Between the 1955–1959 and 1965–1968 birth cohorts, there was little overall change in the proportion of women who were childless, and the portions of change associated with individual characteristics had opposing effects. Convergence in rates of childlessness across racial/ethnic groups would have led to an increase in childlessness if no other factors had changed, although this convergence was to some extent offset by increases in the proportion of the population that was not white. Although the positive association between never marrying and childlessness was reduced in magnitude over this period, the proportion of women who never married increased; these changes would also have led to increased population levels of childlessness between the 1955–1959 and 1965–1968 cohorts if no other components had changed. This pattern was especially marked among women with some college attendance but no bachelor’s degree. These shifts were counterbalanced by a reduction in the positive association between college attendance and childlessness, as well as a secular reduction in childlessness in the population as a whole.

Summary

Increases in women’s educational attainment contributed to increases in childlessness over the second half of the twentieth century (from the 1931–1939 birth cohort to the 1955–1959 cohort). Results from a logistic regression show that controlling for education accounts for about 15 % of the coefficients for time trends. However, reductions in marriage rates appear to have contributed more to changes in childlessness; including controls for marriage in a logistic regression model reduces coefficients by close to 30 %. Results from regression-based decomposition are consistent with the conclusion that changes in marriage rates played a more substantial role in trends in childlessness than changes in women’s educational attainment. Interactions show that education and marriage trends both contributed independently to changes in childlessness, but also that the impact of changes in education are unevenly distributed across ever-married and never-married women and, similarly, that the impact of marriage changes is not equal across education groups.

The rising number of women with a bachelor’s degree, along with the increasing association of college education with childlessness, explained about 23 % of the overall increase in childlessness between the 1930–1939 and 1955–1959 cohorts in the decomposition model. (Note that this is an absolute increase of about 19 women per thousand in the level of childlessness.) This change was largely reversed in the period between the 1955–1959 and 1965–1968 birth cohorts; over this period, decomposition results show that changes in the receipt of bachelor’s degrees would have produced a decrease of about 7 childless women per thousand, largely because of reduced levels of childlessness among college-educated women over this period. Although the proportion of women receiving a bachelor’s degree continued to increase, the proportion of these women who were childless declined.

Across both of these periods, continued declines in the proportion of women marrying would have produced substantial increases in childlessness, net of other changes. In fact, changes in marriage rates mediate time trends in regression results and explain the largest proportion of the increase in childlessness over the second half of the twentieth century in a decomposition analysis. Increases in nonmarital fertility rates offset this increase somewhat and are likely to offset it more in the future, but they have not been able to absorb the rapid increase in the proportion of women who are unmarried by age 40.
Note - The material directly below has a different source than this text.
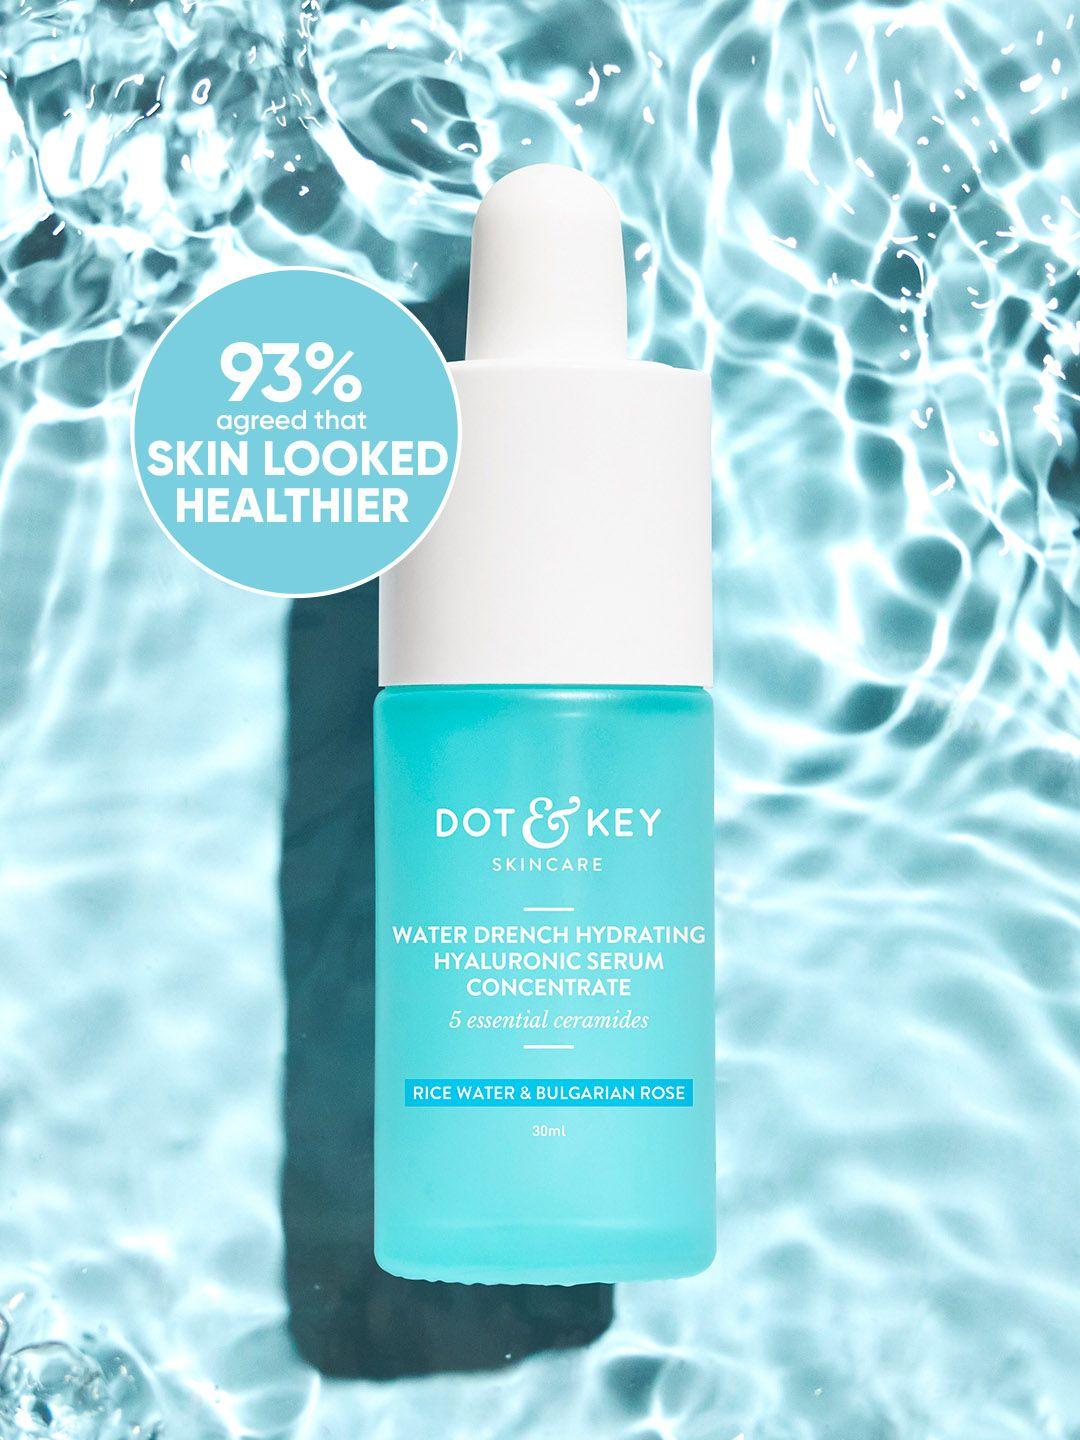 dot-&-key-hydrating-hyaluronic-face-serum-with-vitamin-c-&-e-for-plump-glowing-skin--30ml

Discussion and Conclusions

Overall, increases in childlessness after the baby boom are primarily explained by secular change, secondarily by reductions in the marriage rate, and third by increases in women’s education. Since the baby bust, the positive association between college degree receipt and childlessness has declined, as have rates of childlessness among women with a bachelor’s degree. Although nonmarital fertility has increased, marriage continues to be strongly associated with childlessness, and trends in marriage are an important predictor of trends in childlessness.

The changing racial/ethnic composition of the U.S. population has had a relatively small impact on trends in childlessness. This analysis was limited to women who were born in the United States or arrived in the United States as children; thus, it does not account for the short-term impact of immigration on fertility. Over time, continued declines in the proportion of the non-Hispanic white population may contribute to decreased childlessness. However, if levels of childlessness continue to converge across racial/ethnic groups, as they have over the past few decades, the relevance of the racial/ethnic composition of the population to fertility levels may recede.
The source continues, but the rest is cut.